Elizabeth M. Haines, research chemist

Elizabeth M.Haines
Elizabeth M.Haines
Posted: November 26, 2012

Elizabeth M. Haines, 98, a former Moorestown resident and research chemist before women generally landed such jobs, died of heart failure on Nov. 8 at Medford Leas, a retirement community where she had lived for 28 years.

Mrs. Haines was one of the first women to work for the DuPont Co. as a research chemist.

She was descended from William Matlack, who landed in Burlington in 1677. He became a farmer and landowner with a wife and nine children.

Born in a home on Moorestown's Main Street in 1914, Mrs. Haines told family she could recall the predawn procession of horse-drawn farm wagons, laden with tomatoes, en route to the Campbell Soup Co. factory in Camden.

She attended Moorestown Friends School through ninth grade, and graduated from Westtown School in 1931. She went on to earn bachelor's and master's degrees in chemistry from Mount Holyoke College in 1935 and 1937.

At that time, society expected women like Mrs.
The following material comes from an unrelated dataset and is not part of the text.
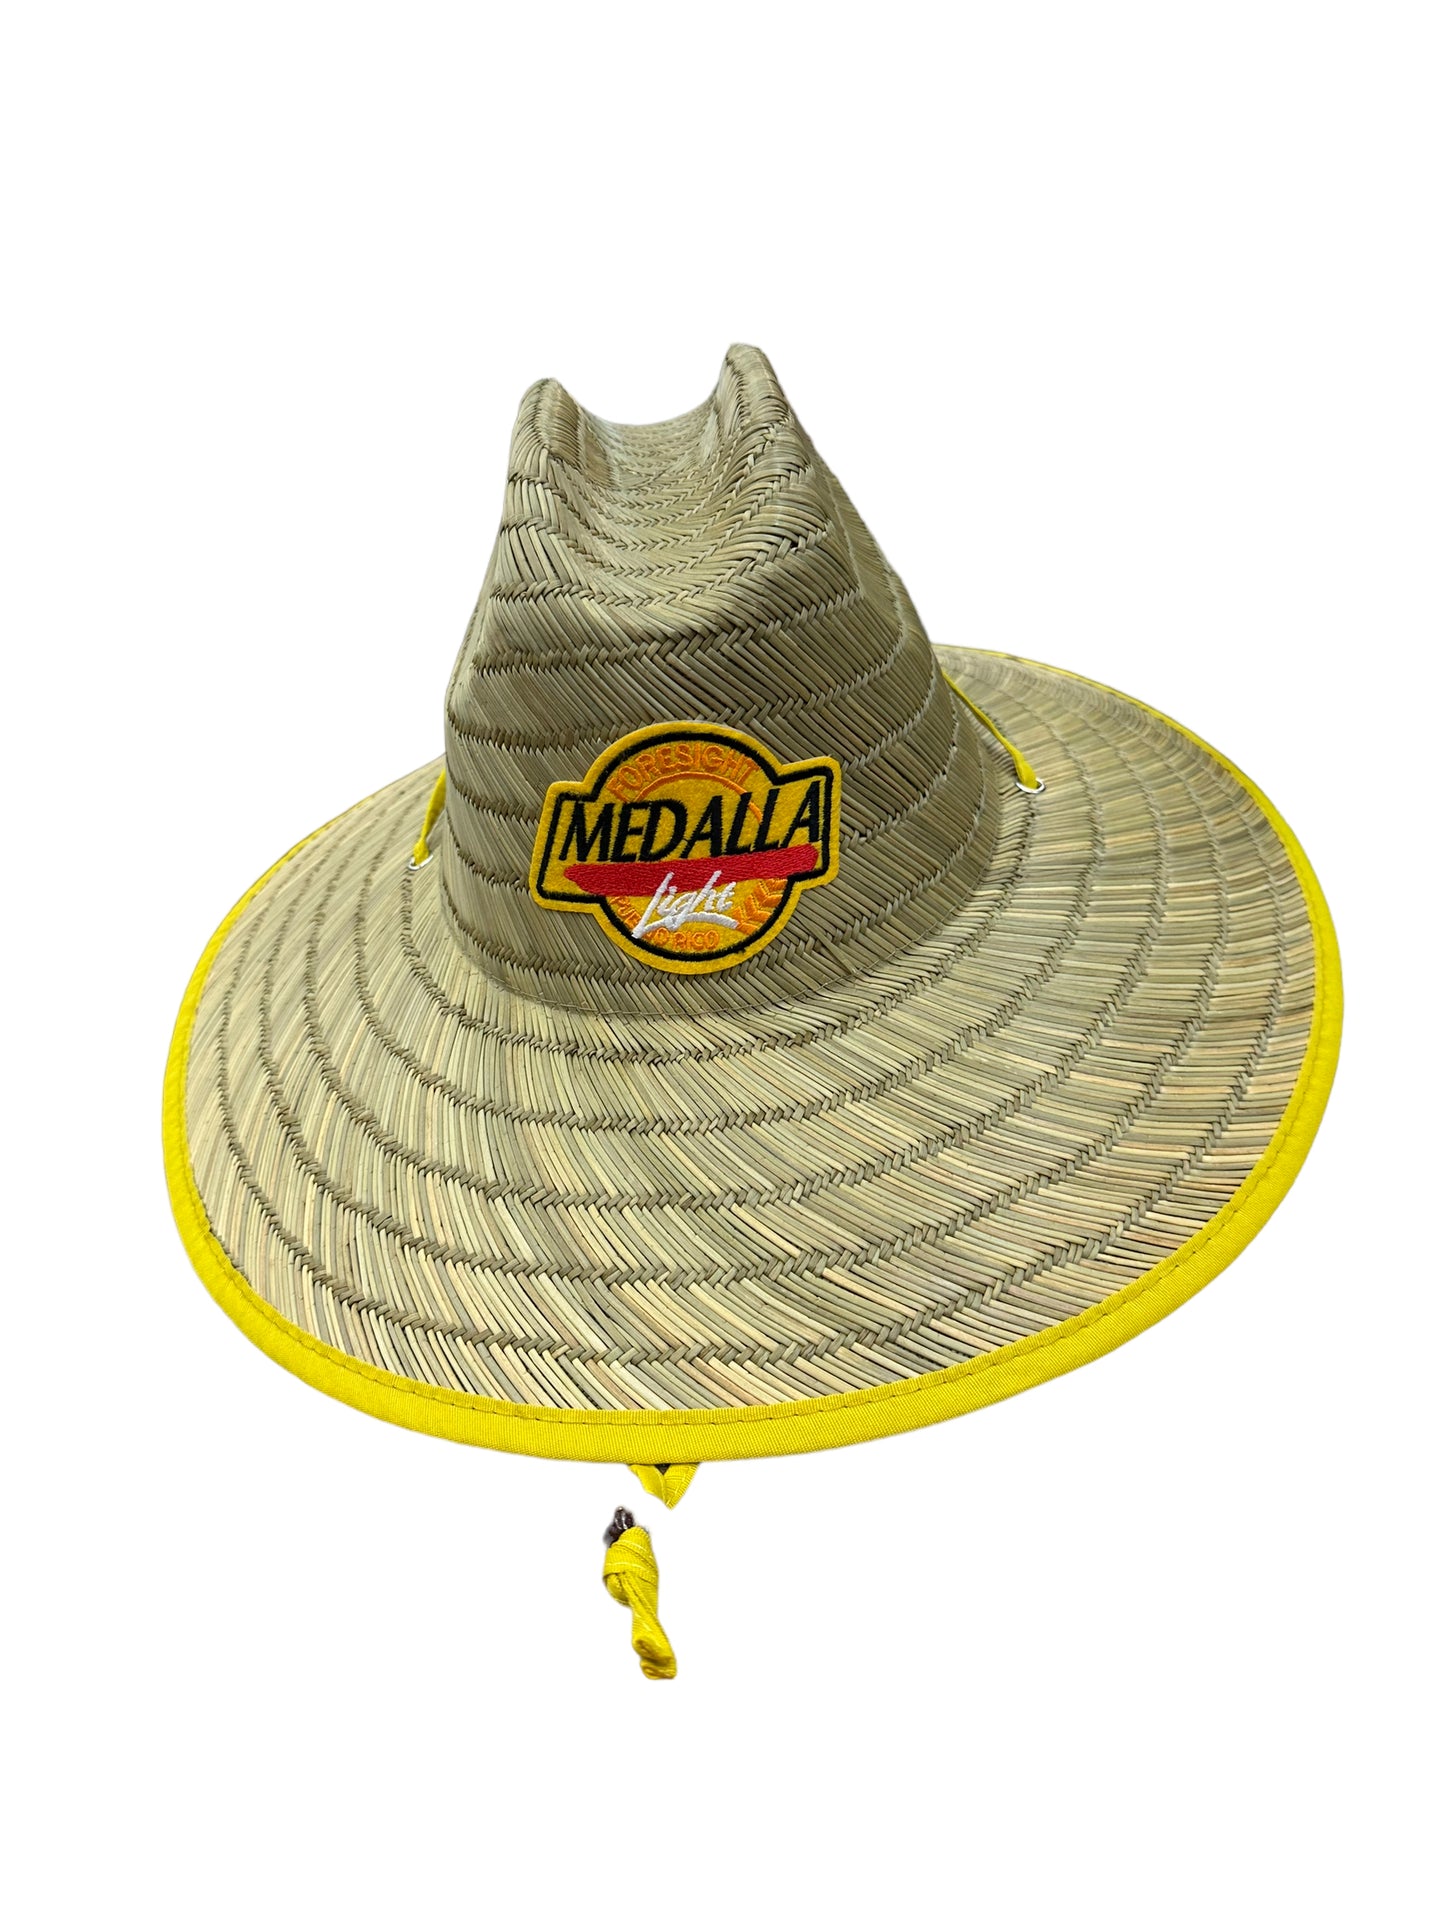 Puerto Rico Straw hat

Haines to become a wife and mother and little else, but she was "not one to let grass grow under her feet," said her son, Bruce. She wanted a job.

So in 1937 she became one of the first three women hired by DuPont as a chemist. She researched paint pigments at DuPont's Newark, Del., facility, working on the upper floor.

The building had no women's restroom, she told her family; she would use the men's, or go across the street to another building to use the women's lavatory, she said.

Mrs. Haines married Bernard Haines, a Westtown classmate, in 1941 and turned her attention to homemaking and community service. The two resided in Maple Shade for over 30 years and in Medford for the past 38 years.

A birthright Quaker, she was a 28-year trustee for Moorestown Friends School, and an overseer of Moorestown Friends Meeting for the same period.

"She supported people around personal issues and challenges," acting as an informal counselor, her son said.

She served on the board of the Moorestown Visiting Nurse Association and coordinated the Moorestown Meeting's "Sewing Group." The group repaired clothing for the Material Aid Program of the American Friends Service Committee.

Her family said Mrs. Haines was happiest outdoors, spending weekends in the pines at a cottage along the Rancocas Creek in Medford, and hiking and swimming in Maine. She also enjoyed travel.

Mrs. Haines is one of a few surviving members of "the Westtown Crowd," a group of high school classmates who met for dinner at members' homes nine months a year, starting in 1937. The crowd also held annual house party weekends in Ocean City and Medford.

Surviving, in addition to her son, is another son, Philip; a daughter, Gail; five grandchildren; and three great-grandchildren. Her husband died in 1986 of lung disease.

A memorial service will be at 2 p.m. Saturday, Dec. 1, at Medford Leas.

Contributions may be made to Moorestown Friends School, 110 E. Main St., Moorestown, N.J. 08057.